Network Management Challenge
Networks, connectivity and mobile access are evolving, growing exponentially in volume and scope, with spectrum extending from large corporate and telecom networks to connectivity between thousands of “constrained devices”, including Machine-to-Machine (M2M) automation networks and sensor-based, data gathering and analysis networks, described as the Internet of Things (IoT).
The computing networks increasingly take shape of large multi-campus installations, providing applications, storage and connectivity services, often via multi-tenant cloud architectures.
All networking sectors require Internet & mobile connectivity, demanding security, instant remote configurations, monitoring and network management. The challenge is in carrying these concepts across different networking architectures, levels of computing, connectivity and memory resources while retaining some commonalities in application APIs to provide an effective foundation for automation and sophisticated management applications of networking infrastructure, services and information.
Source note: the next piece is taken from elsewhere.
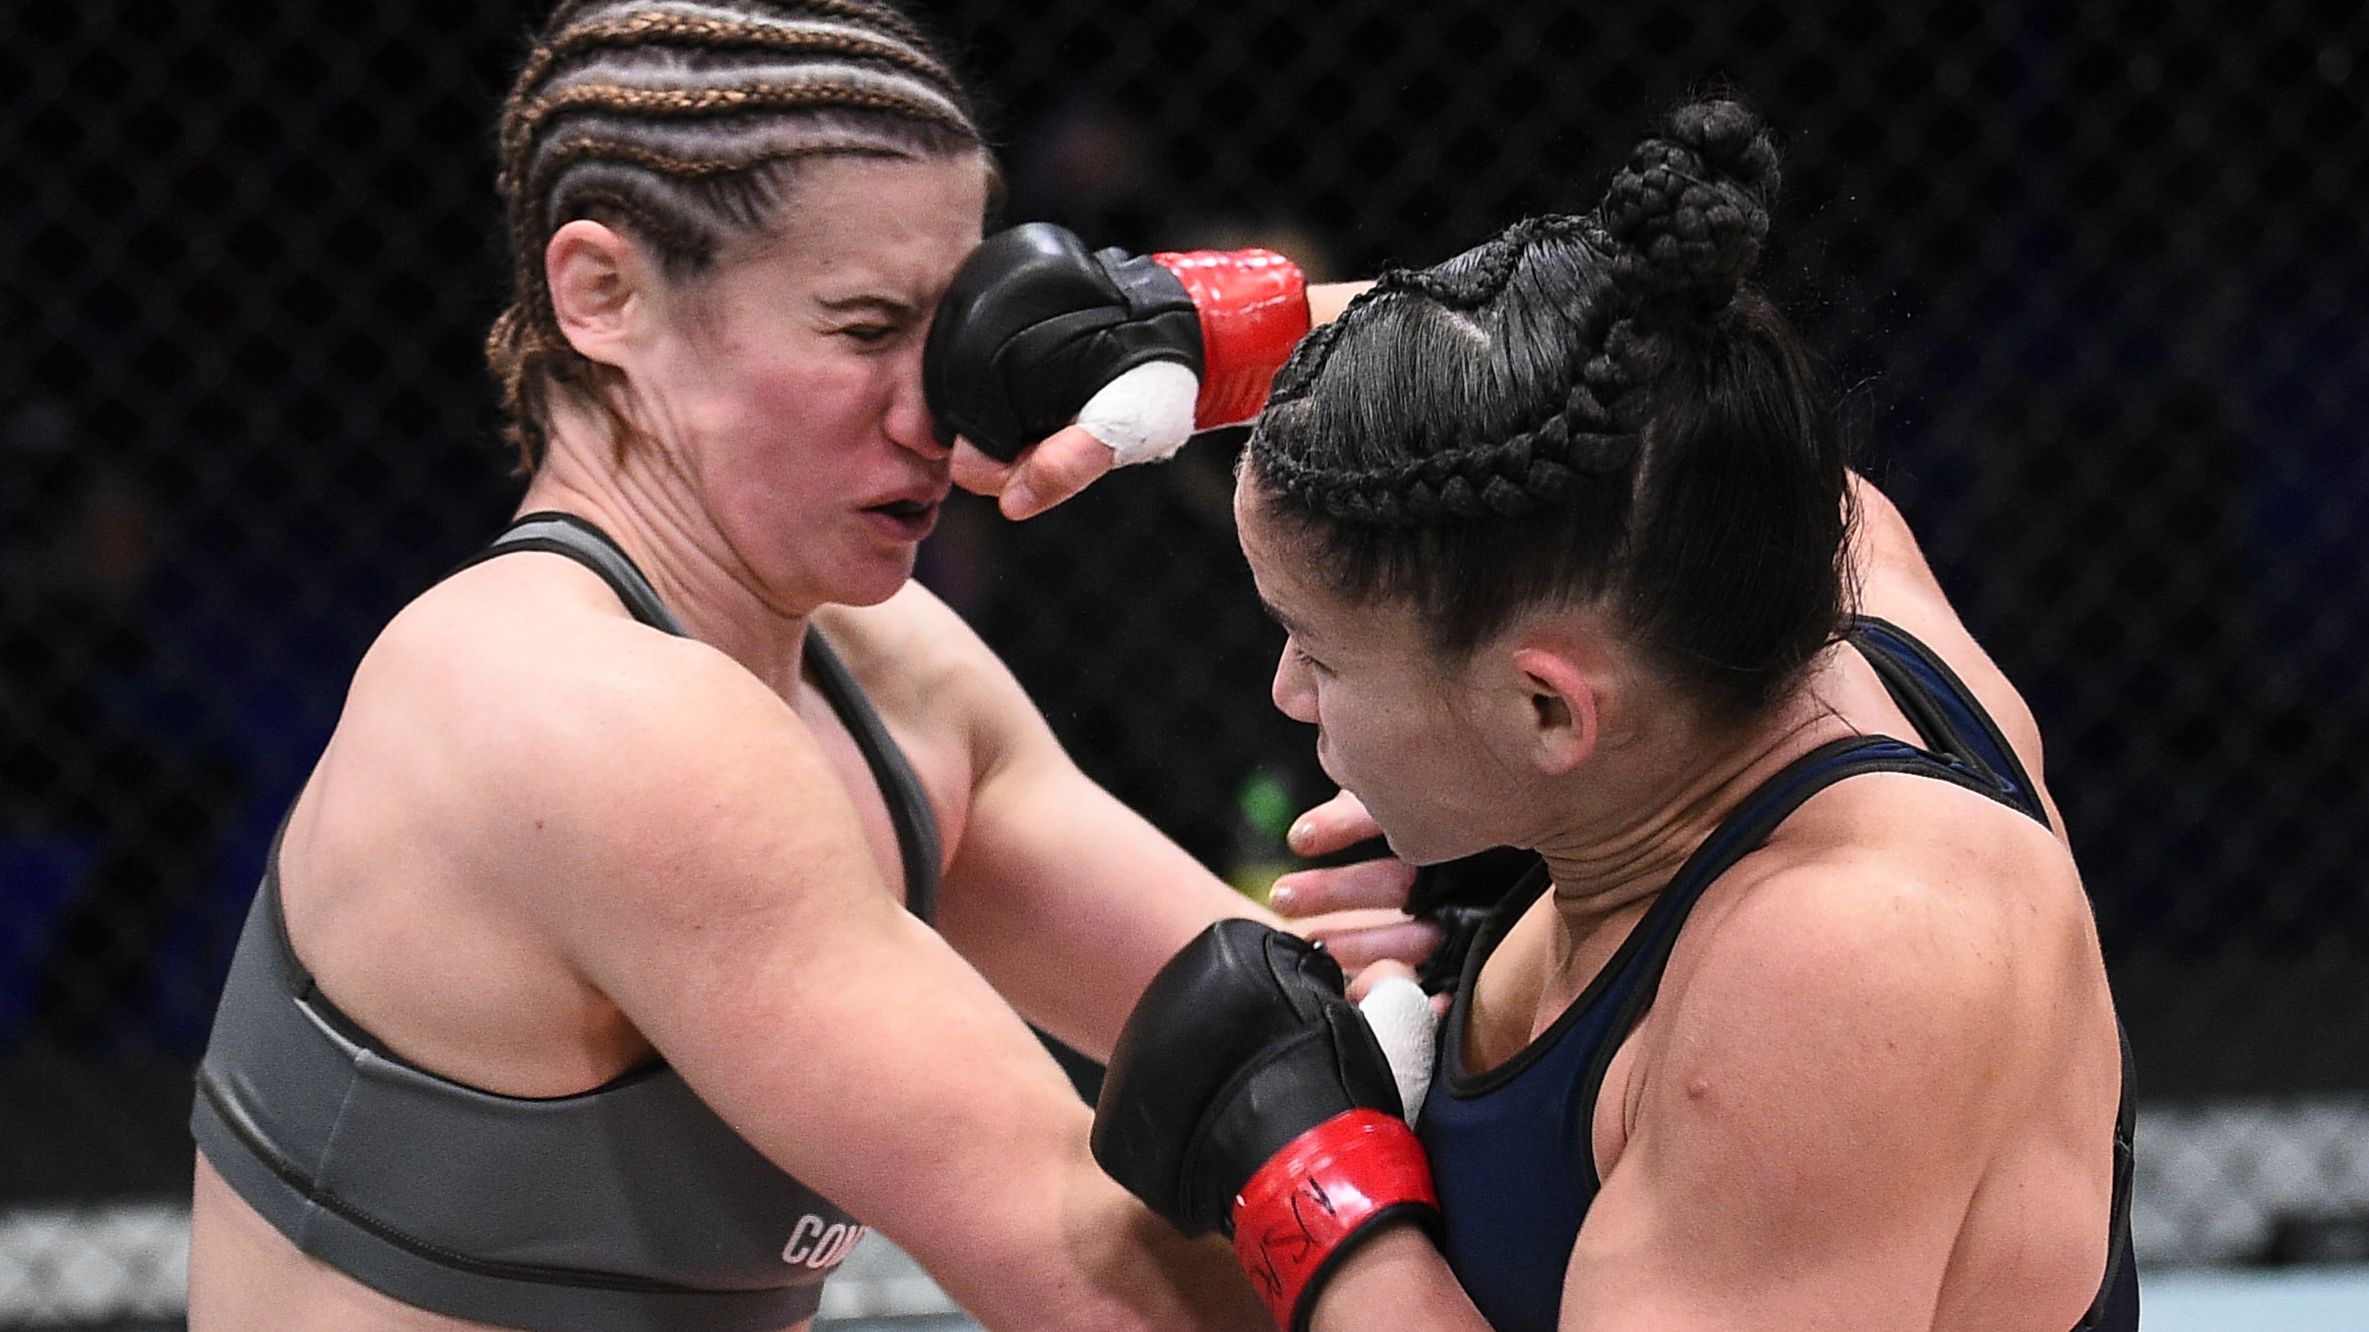 Chelsea Hackett lands a punch on Victoria Leonardo in their women&#x27;s flyweight bout during Dana White&#x27;s Contender Series in 2020.
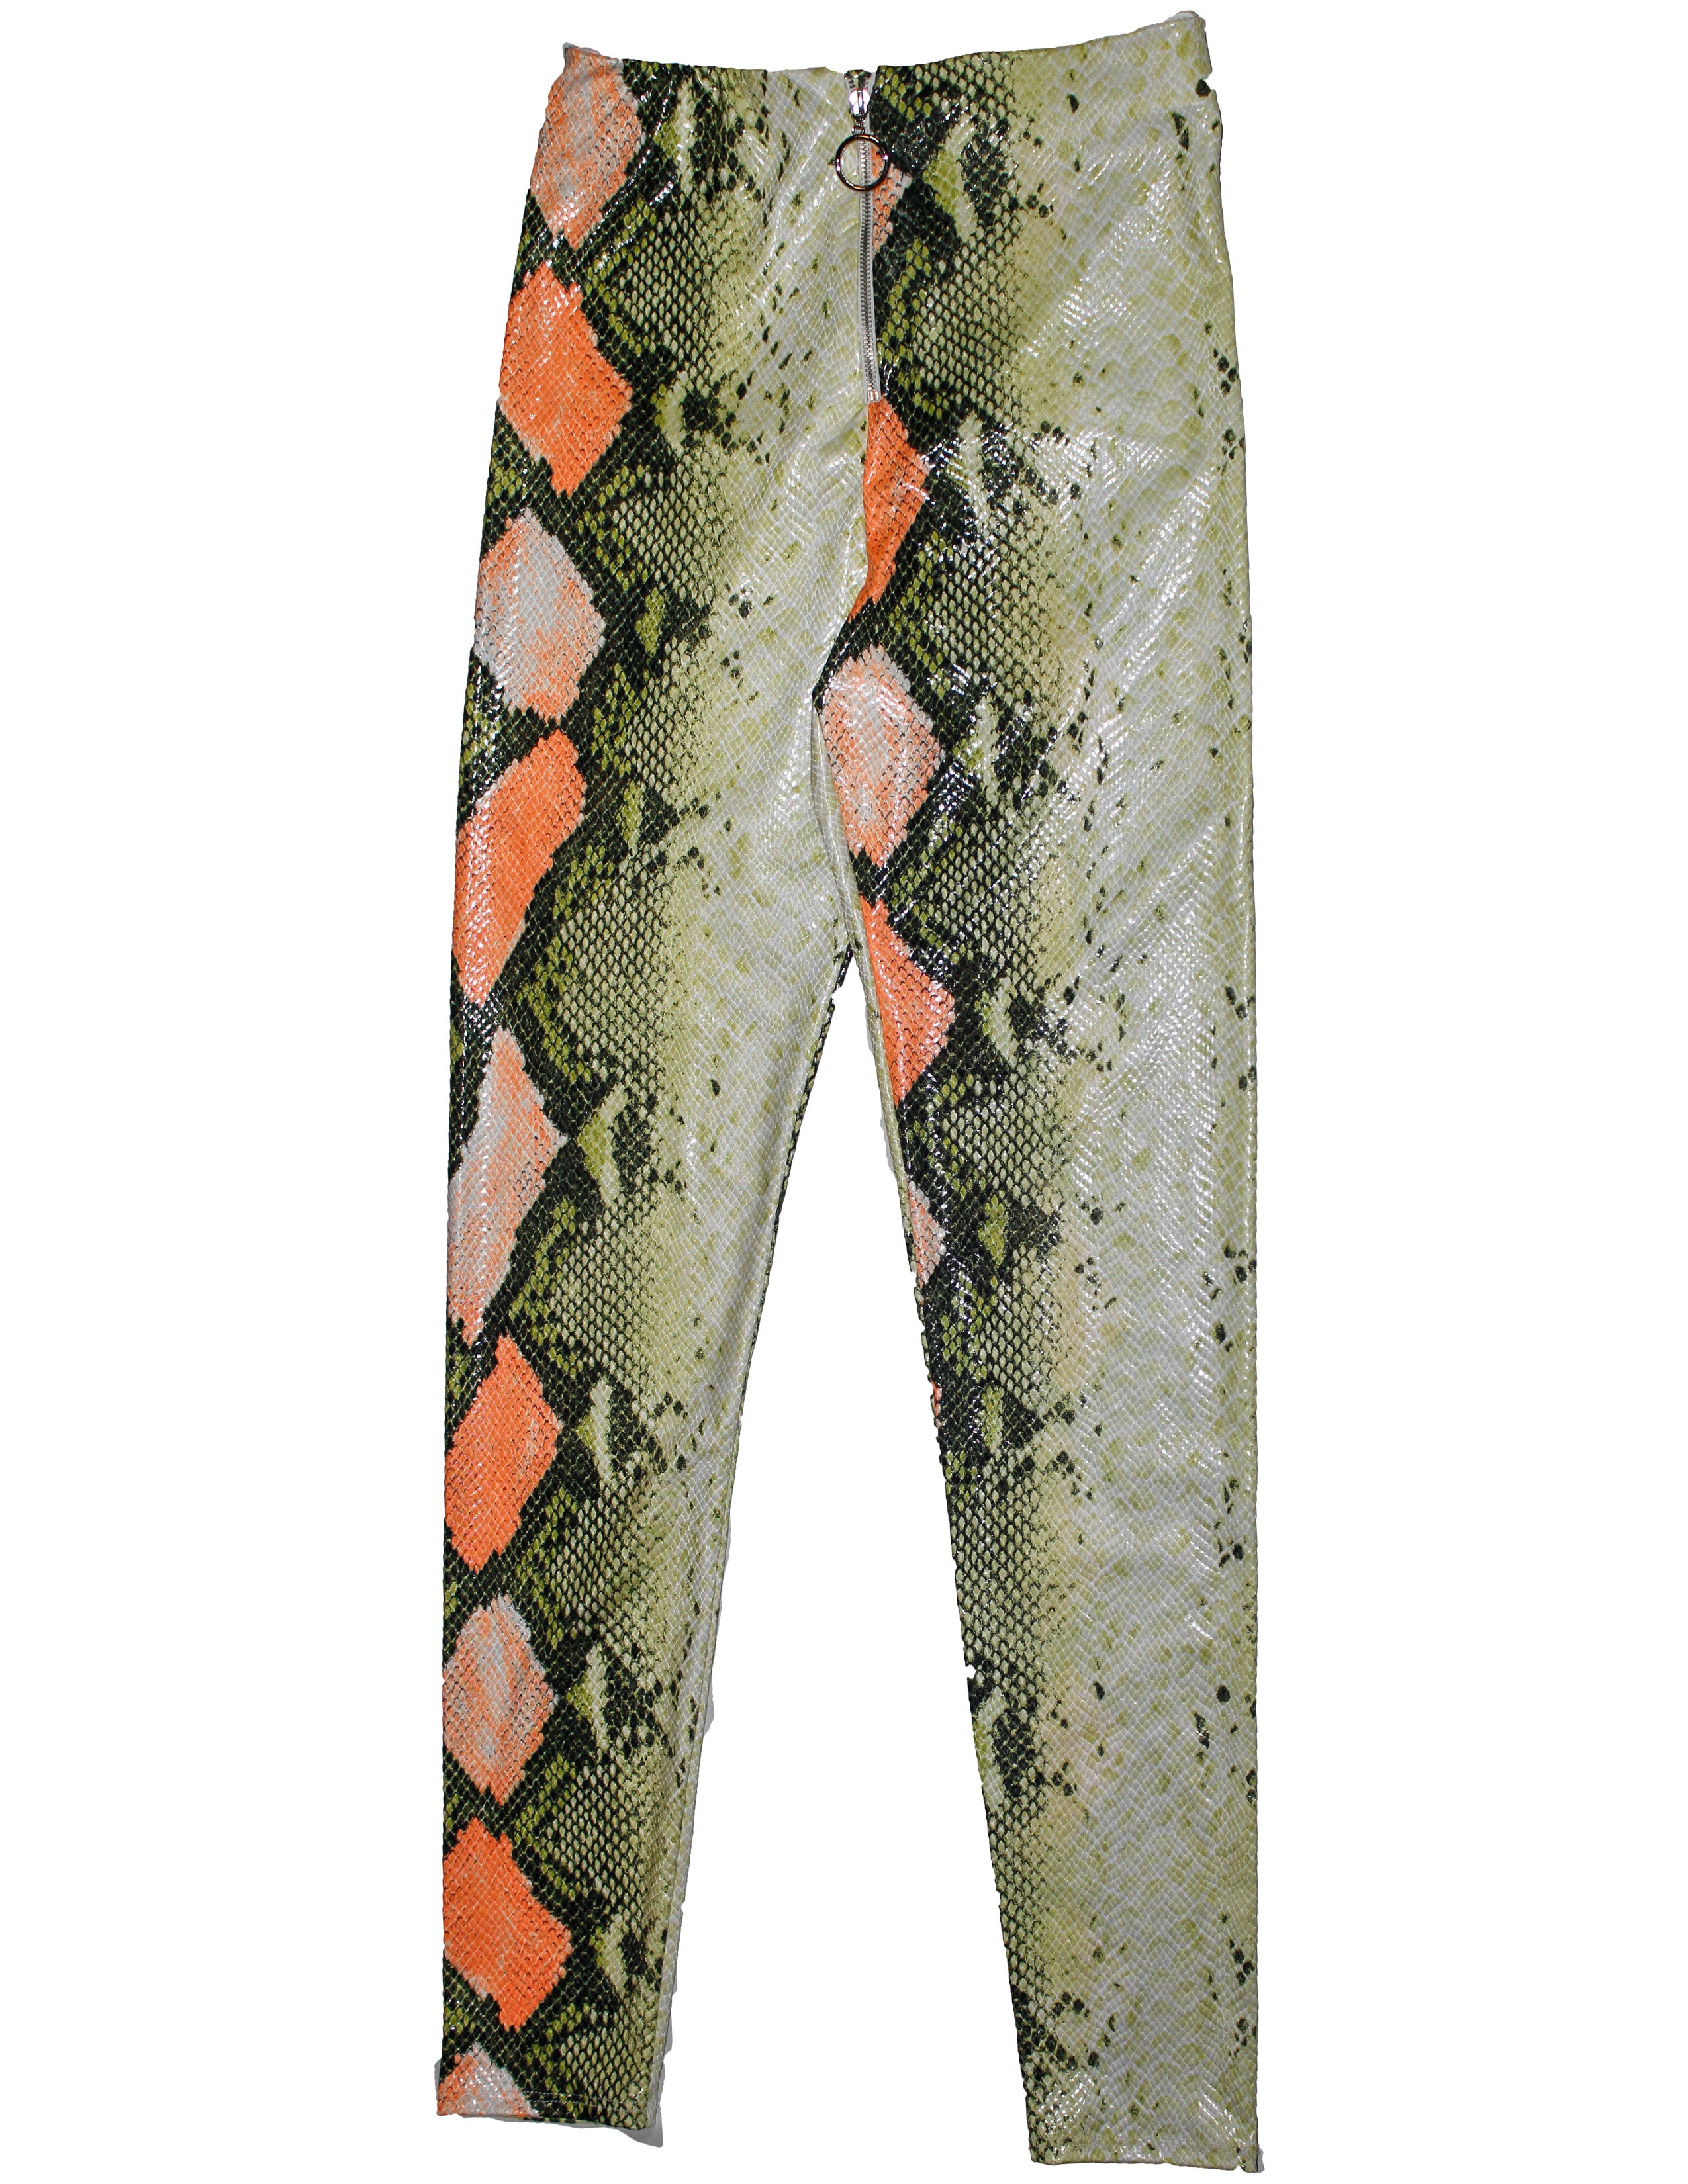 Constrictor Orange and Lime Pants

Private, Carrier & Constrained Device Networks
The size and complexity of today’s networks are evident, from volumes of specialized function boxes in carrier networks, and the complexity of network applications to connectivity intelligence in just about any device that produces information or requires receiving configuration and command data in IoT networks.
Applications are far-reaching and expanding, from business, services and carrier applications to industrial, energy, medical, building automation, smart cities, transportation, dynamic consumer analysis, logistics sector, to name a few; the mandate is creating intelligent eco-systems providing desired data and application services and automatically responding to events, reporting systems status to management applications or adjusting environment to evolving conditions, all in line with a pre-configured policy.
Software-Defined Networks & Network Function Virtualisation
Responding to complexity, to provide reliable service and manageability, networks are changing, adopting new architectures. These are taking cues from modern computing environments with regards to virtualization. This capability improves server and network storage availability, it provides for rapid provisioning of services in demand, and it can adapt and scale network connectivity and capacity to changing applications and use patterns.
The virtual networking architecture’s promises to make “the dream of wire once and use forever” possible … 🙂 … It is the approach that re-makes the network connectivity on-demand, making it software configurable, in an application & usage adaptable fashion.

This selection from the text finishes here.